Tacca ampliplacenta

Scientific classification
- Kingdom: Plantae
- Clade: Tracheophytes
- Clade: Angiosperms
- Clade: Monocots
- Order: Dioscoreales
- Family: Dioscoreaceae
- Genus: Tacca
- Species: T. ampliplacenta
- Binomial name: Tacca ampliplacenta L.Zhang & Q.J.Li

= Tacca ampliplacenta =

- Authority: L.Zhang & Q.J.Li

Species of flowering plant

Tacca ampliplacenta is a species of flowering plant in the yam family Dioscoreaceae, which is endemic to Yunnan, China. It was discovered Yunnan, China.

It was first described in 2008 by Ling Zhang and Qing-Jun Li.

== Description ==
T. ampliplacenta is a perennial herb with a cylindrical rhizome. It has mauve leaves at the apex.

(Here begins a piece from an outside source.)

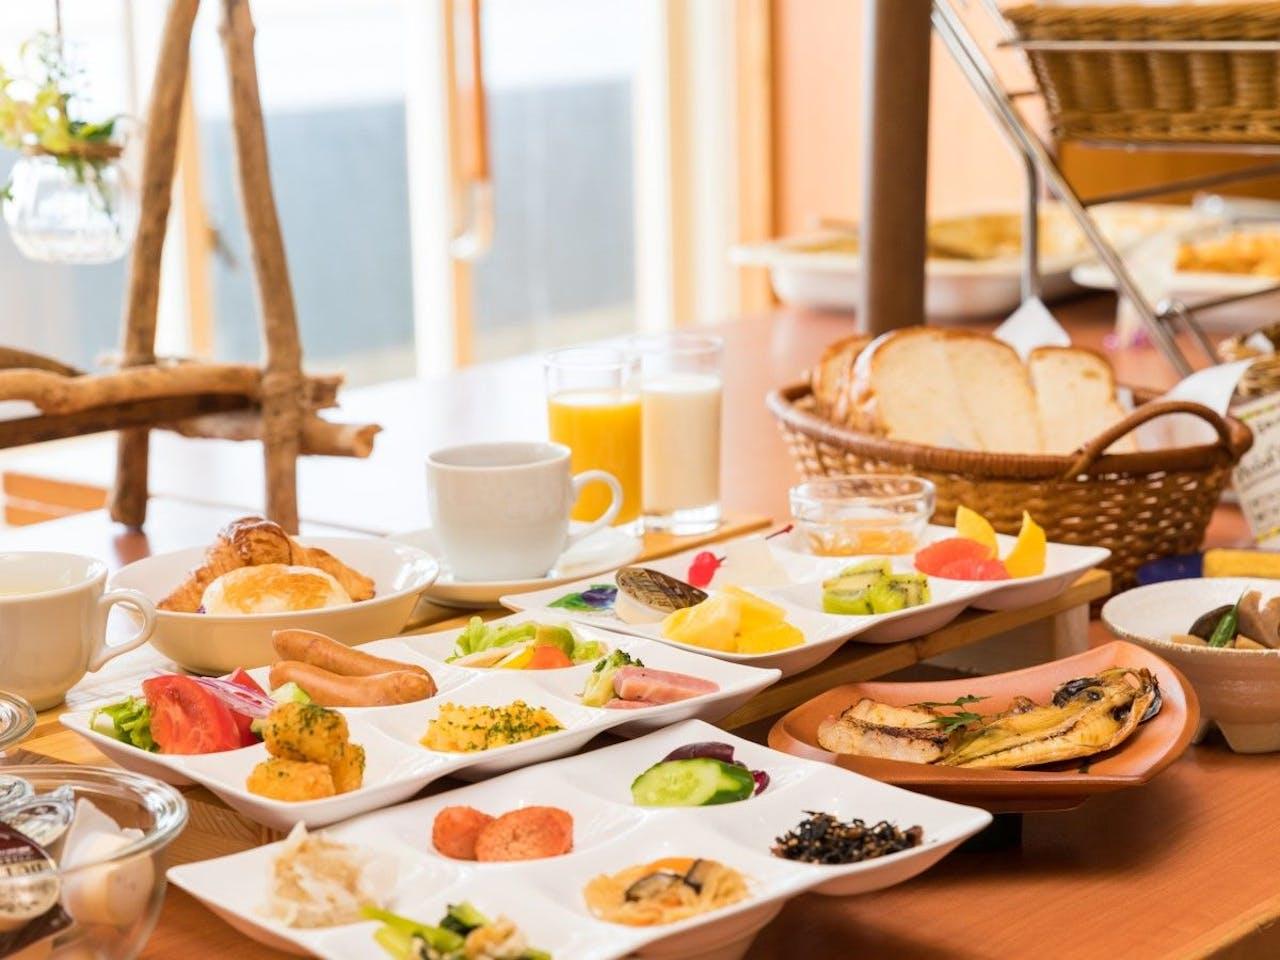 ビュッフェスタイルの朝食をお楽しみ下さい

T. ampliplacenta differs from T. integrifolia by having involucral bracts which are roughly decussate and having the two inner bracts ovate oblong whereas T. integrifolias innermost bracts resemble rabbits' ears. It differs from T.chantrieri by having the seeds tightly connected to the flesh and difficult to separate from the flesh. There are five to ten radical pinnately nerved leaves. The red-wine coloured flower stalks are axillary. The inflorescence is an umbel with up to 25 flowers, which have four involucral bracts. The flowers are triangular and greenish purple when young. The buds are a black-purple. There are three petal like stigmas.

It flowers from early July to late August and fruits the following year from June to July.

== Distribution ==
It is found from the south west to the west of Yunnan Province in dense dank forest.